One particularly effective electoral reform that would help boost the number of women running for office is fair voting. Fair voting refers to candidate-centered multi-winner voting systems that produce results more proportional to the votes cast. Countries that use fair voting proportional systems typically elect women at higher rates than countries that use winner-take-all elections with single winner districts. 

In general, fair voting systems improve upon winner-take-all single winner districts by reducing the incumbency advantage and providing incentives for political parties to make more diverse recruitment decisions.  Specifically, fair voting systems encourage parties to diversify recruitment decisions because voters in those systems tend to try to balance their tickets with both male and female candidates, reflecting a deliberate preference by voters to try and create the best possible team for district governance. Since voters are no less likely to vote for a qualified female candidate and are more likely to balance tickets in multidistrict arrangements, parties have an incentive to run more female candidates so they can win as many seats as possible. In essence, fair voting systems remove many of the barriers to representation constructed by winner-take-all single-winner districts.  

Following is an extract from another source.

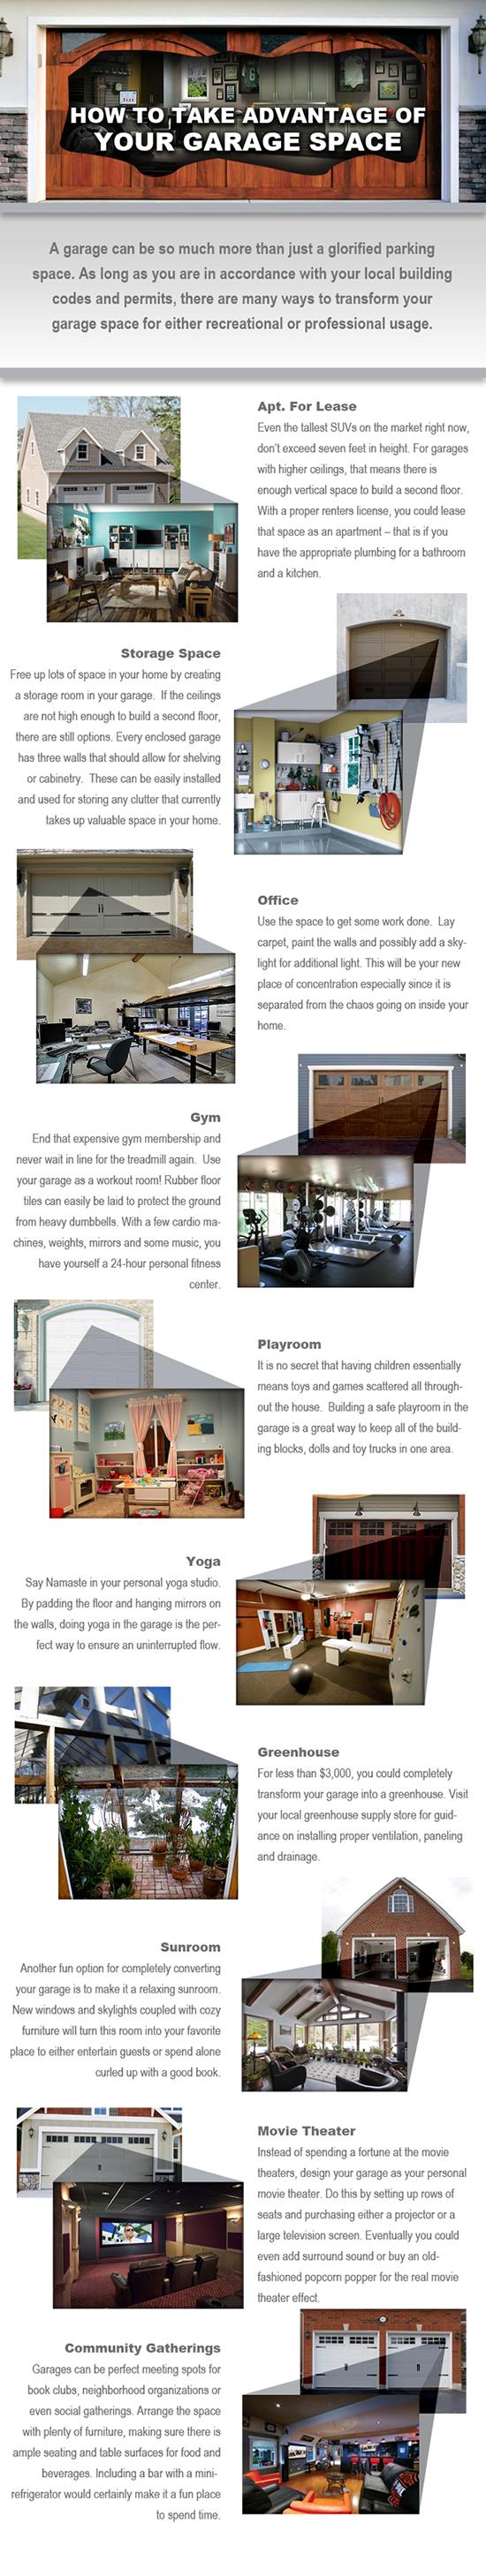 Garage door space alternatives - Infographic

In addition to fair voting, PACs and political parties can engage in intentional action to advance progress toward gender parity in elected office by making candidate recruitment and support practices fairer. PACs and political parties should adopt voluntary targets, in which they pledge to contribute a certain percentage (ideally 50%) of their funds to female candidates or nominate a certain percent of female candidates. This would help overcome and change the traditional biases within political parties and PACs toward funding and supporting male candidates. Studies by Welch (1992), Bird (2003), and Crowder-Meyer(2013) have shown that there is no shortage of qualified women candidates, but qualified women tend to fall to the wayside of political party recruitment and PAC support practices. Intentional targets by parties and PACs could go a long way in remedying the candidate gender gap in American politics.Their success would send a message that it is not individual women’s attributes that matter, rather it is institutional barriers that keep women from being successful. 

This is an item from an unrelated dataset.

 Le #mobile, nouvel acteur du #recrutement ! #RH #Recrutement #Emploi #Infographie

Achieving gender parity in elected office, particularly at higher levels of office, requires gender neutral electoral systems, recruitment and support practices, as well as gender fair political discourse. Fortunately, the first two measures encourage the third. Both fair voting and recruitment reform will ensure the candidacy and election of more women. More women in politics moves women candidates from being an unusual, comment-worthy phenomenon to a natural part of the political landscape. As women become more and more important in the political process, discourse surrounding women in politics will change to reflect the change in status. Electoral reform serves to not only reduce the barriers to women winning elections but also facilitates more gender fair discourse surrounding women in politics.